■ **Data extracted from a collection**
# # # #

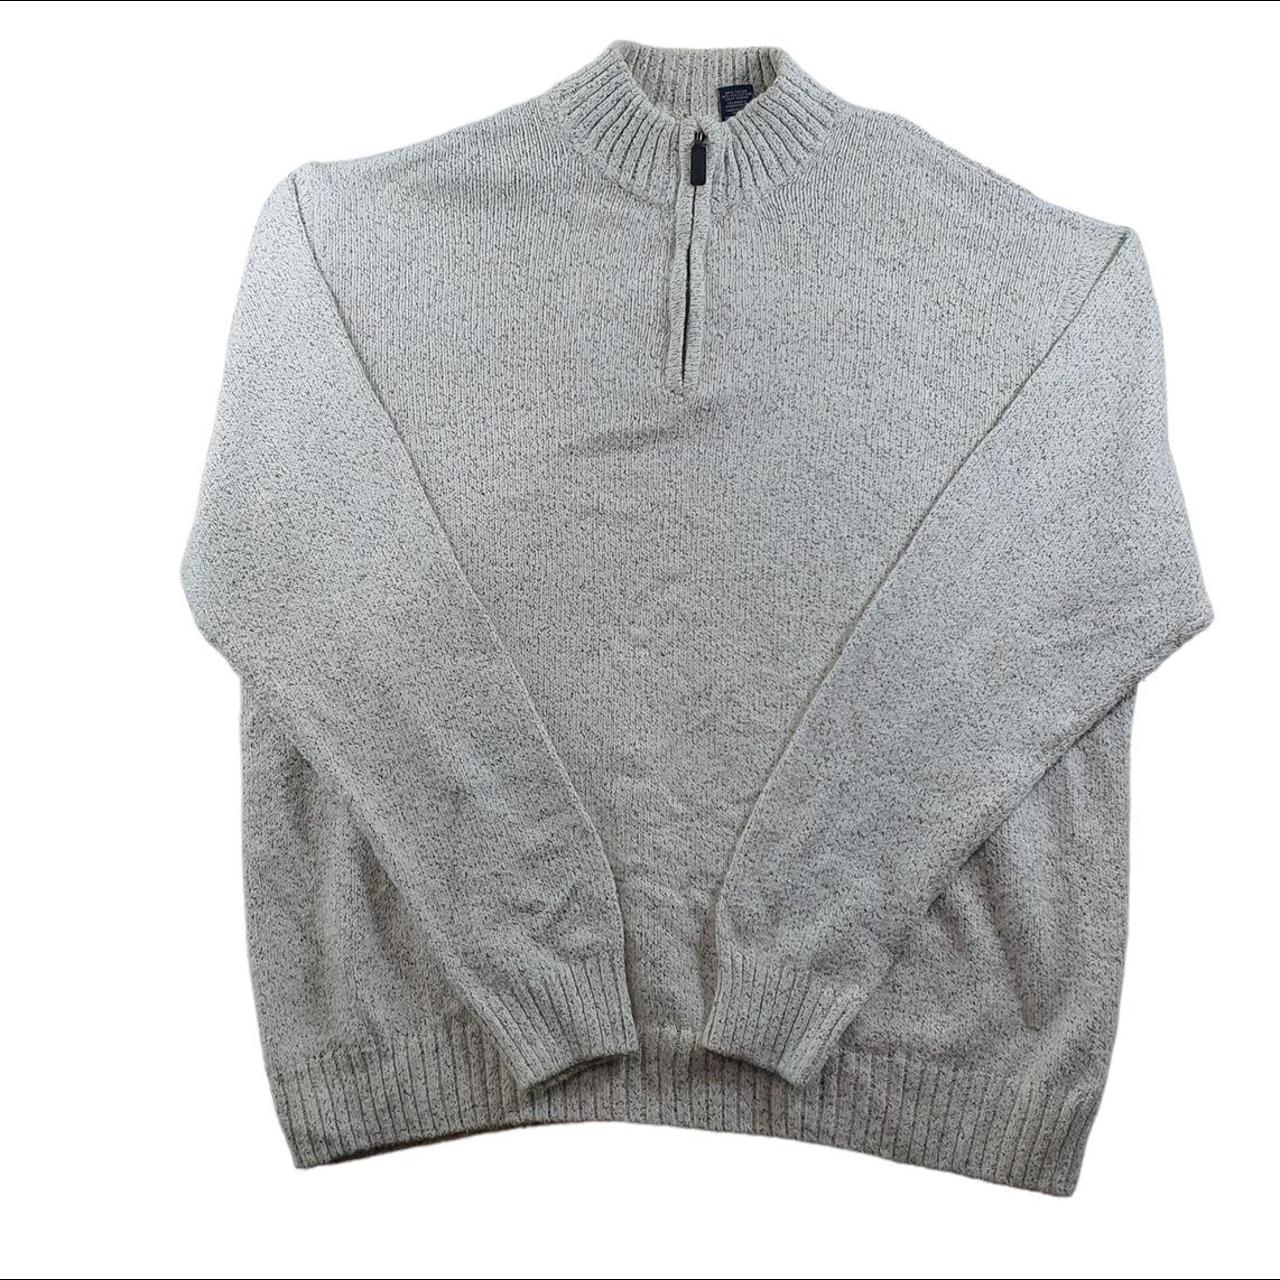 Chaps Ralph Lauren Sweatshirt Adult XXL 2XL Grey... - Depop
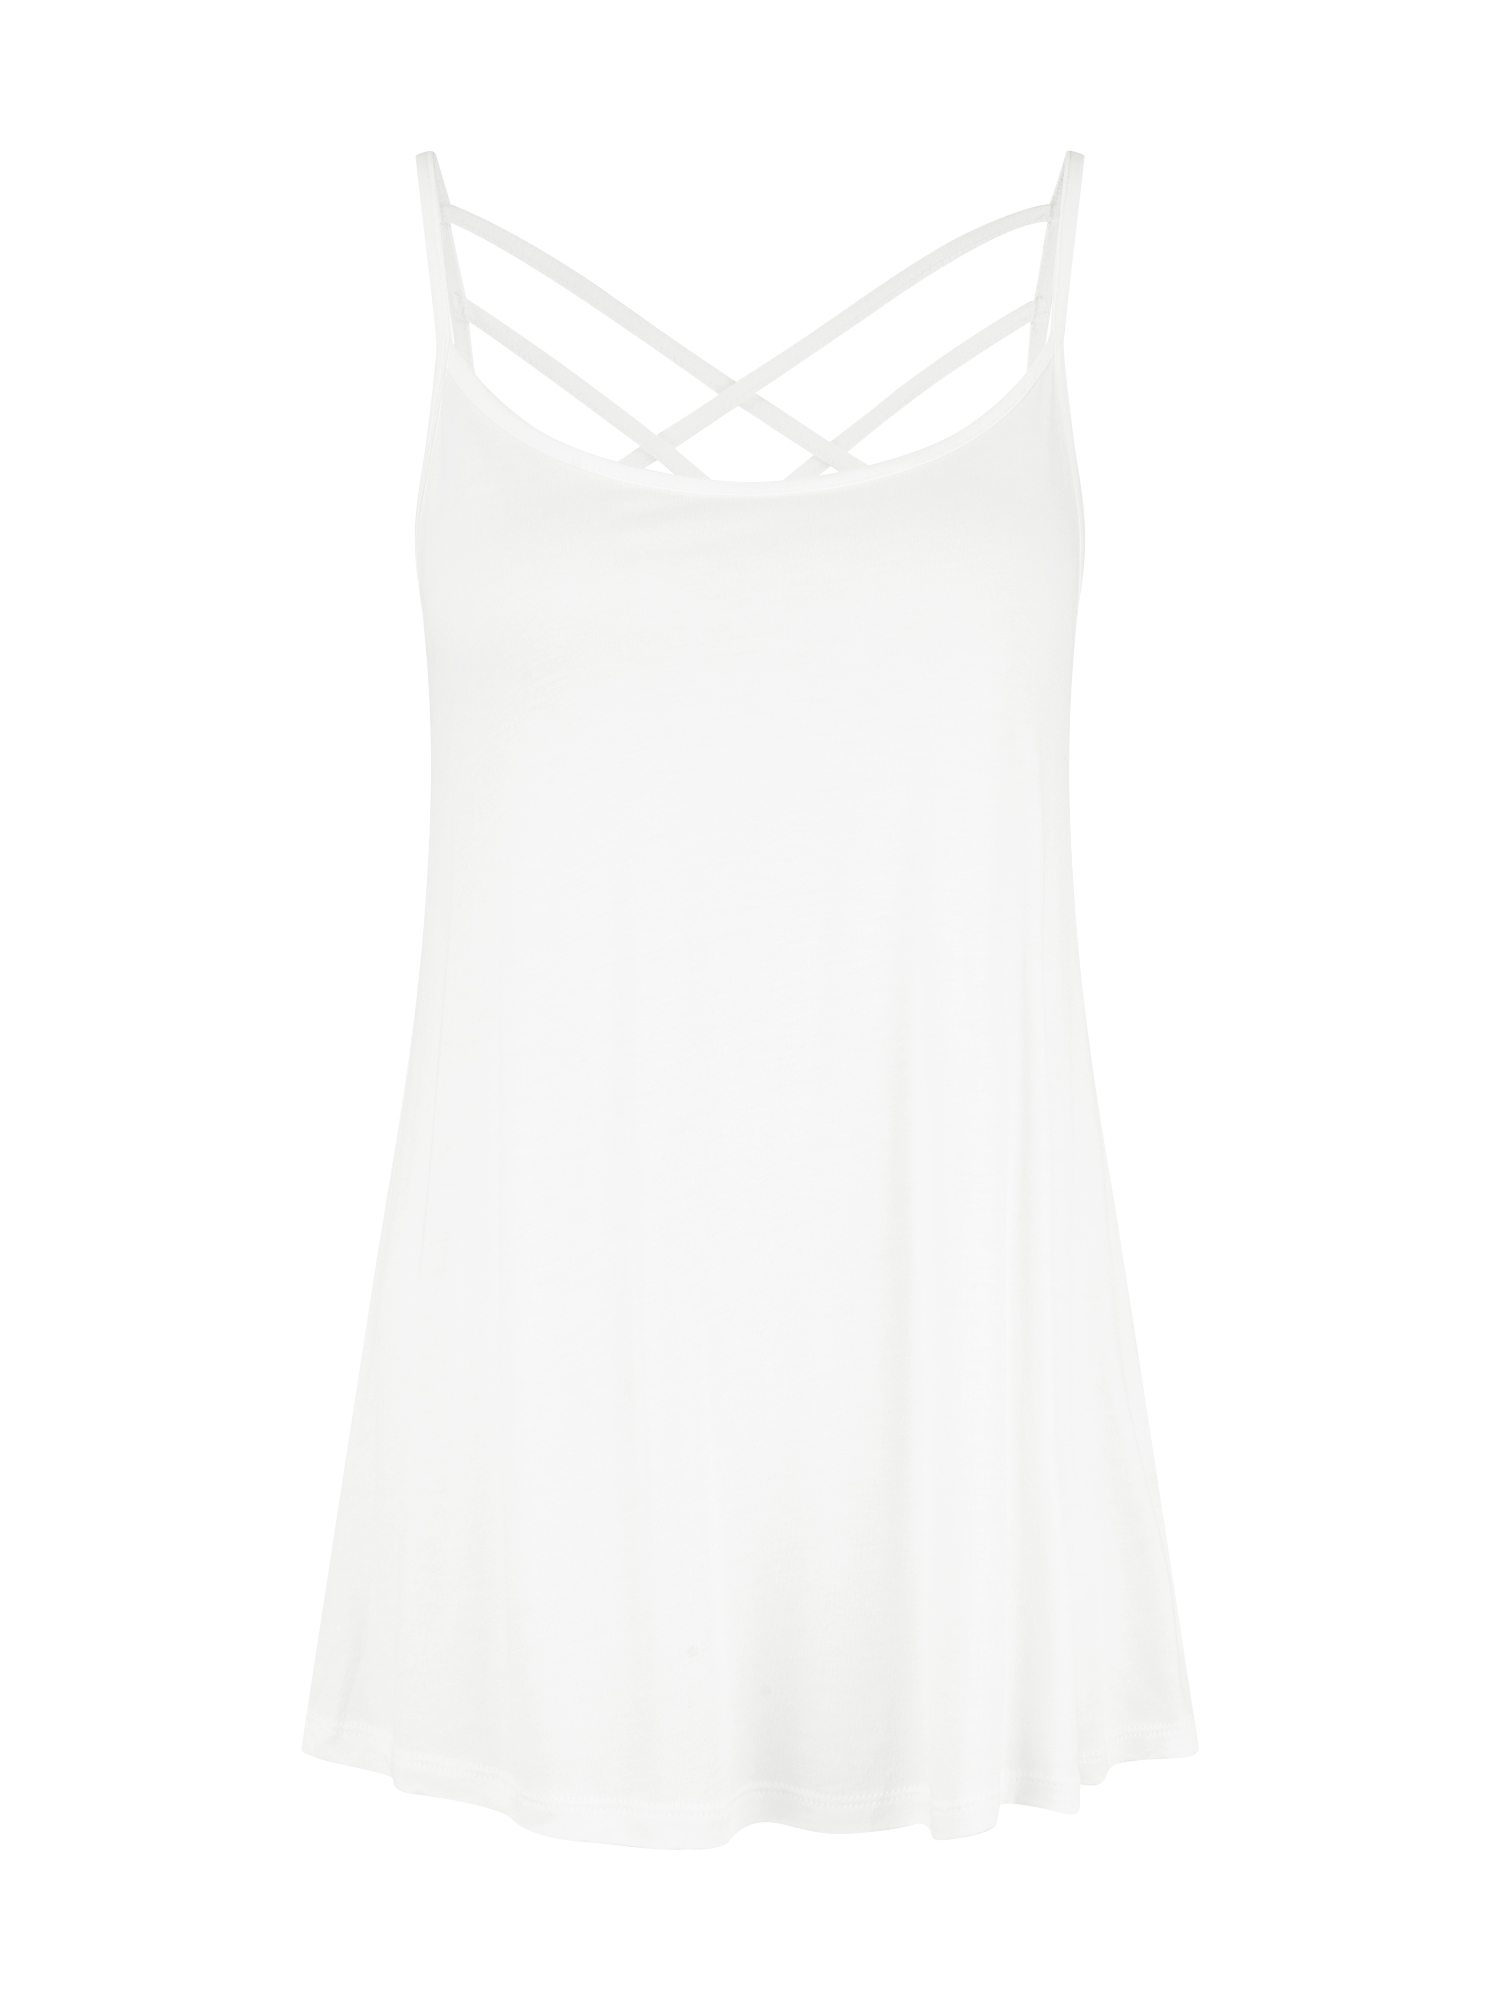 Odzież Kobiety LASCANA Top TIFFY w kolorze Białym 
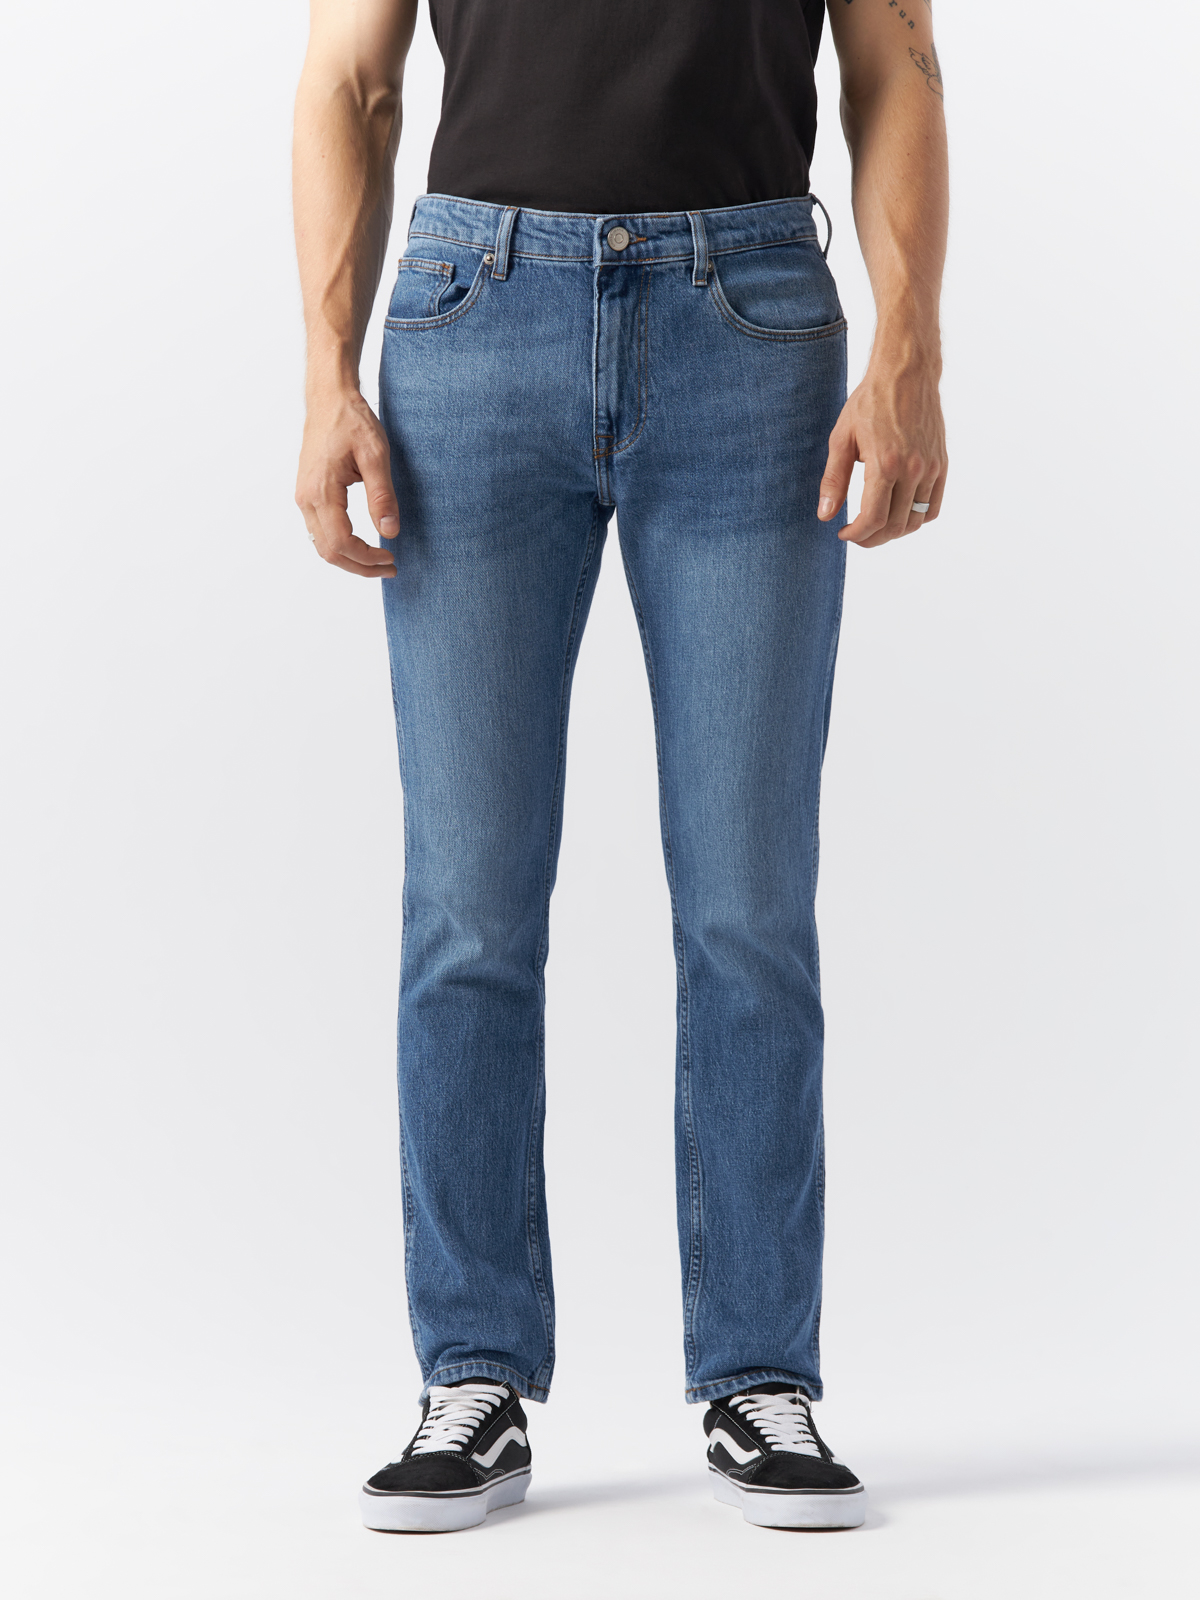 Джинсы Cross Jeans для мужчин, C 132-070, размер 38-32, синие
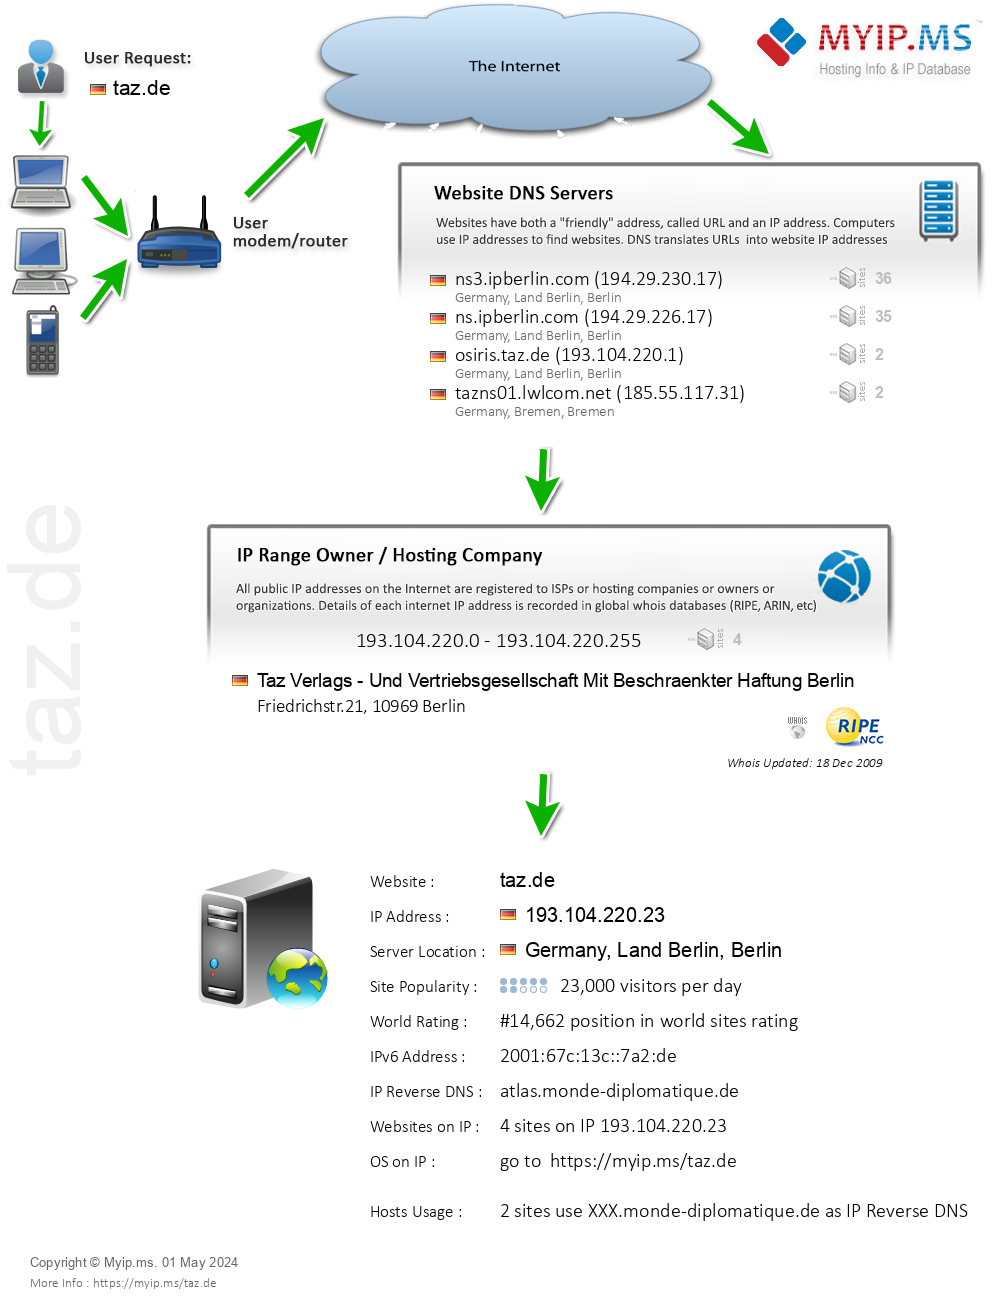 Taz.de - Website Hosting Visual IP Diagram
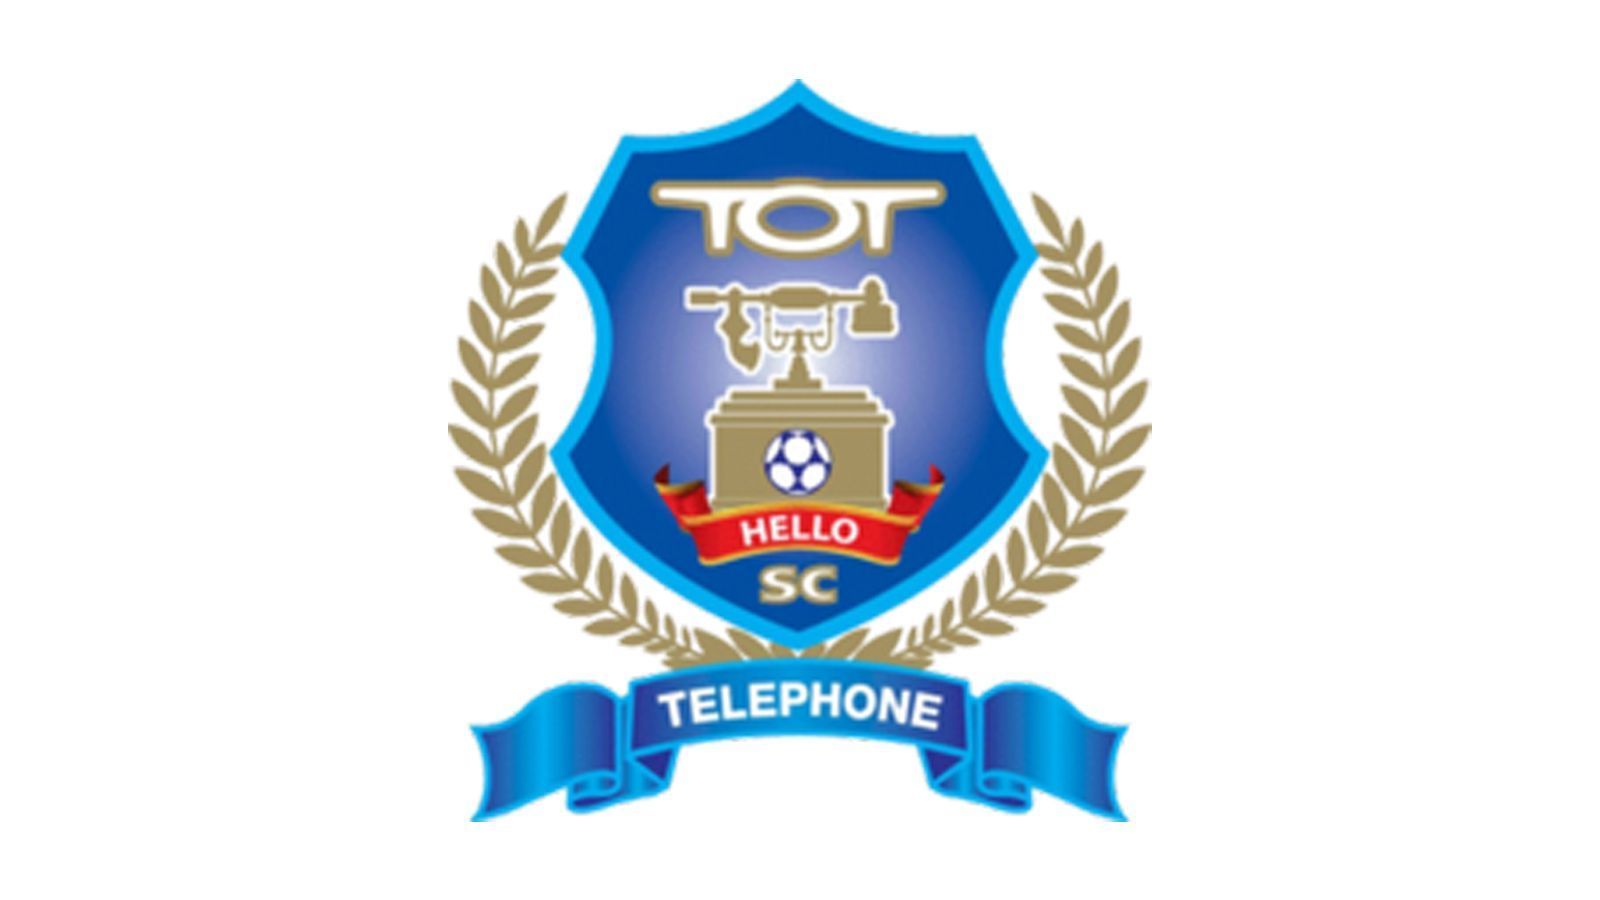 
                <strong>Die hässlichsten Vereinswappen der Welt</strong><br>
                Klub: Telephone Organization of Thailand Sport Club (Spitzname: Hello)Land: Thailand

# # # #

■ **PROBLEM DESCRIPTION**
Pictures don't belong in the copy. Transcribe every record exactly as it appears.

■ **SOLUTION**
 Chaps Ralph Lauren Sweatshirt Adult XXL 2XL Grey... - Depop
 Odzież Kobiety LASCANA Top TIFFY w kolorze Białym 
 Джинсы Cross Jeans для мужчин, C 132-070, размер 38-32, синие
 Taz.de - Website Hosting Visual IP Diagram
                <strong>Die hässlichsten Vereinswappen der Welt</strong><br>
                Klub: Telephone Organization of Thailand Sport Club (Spitzname: Hello)Land: Thailand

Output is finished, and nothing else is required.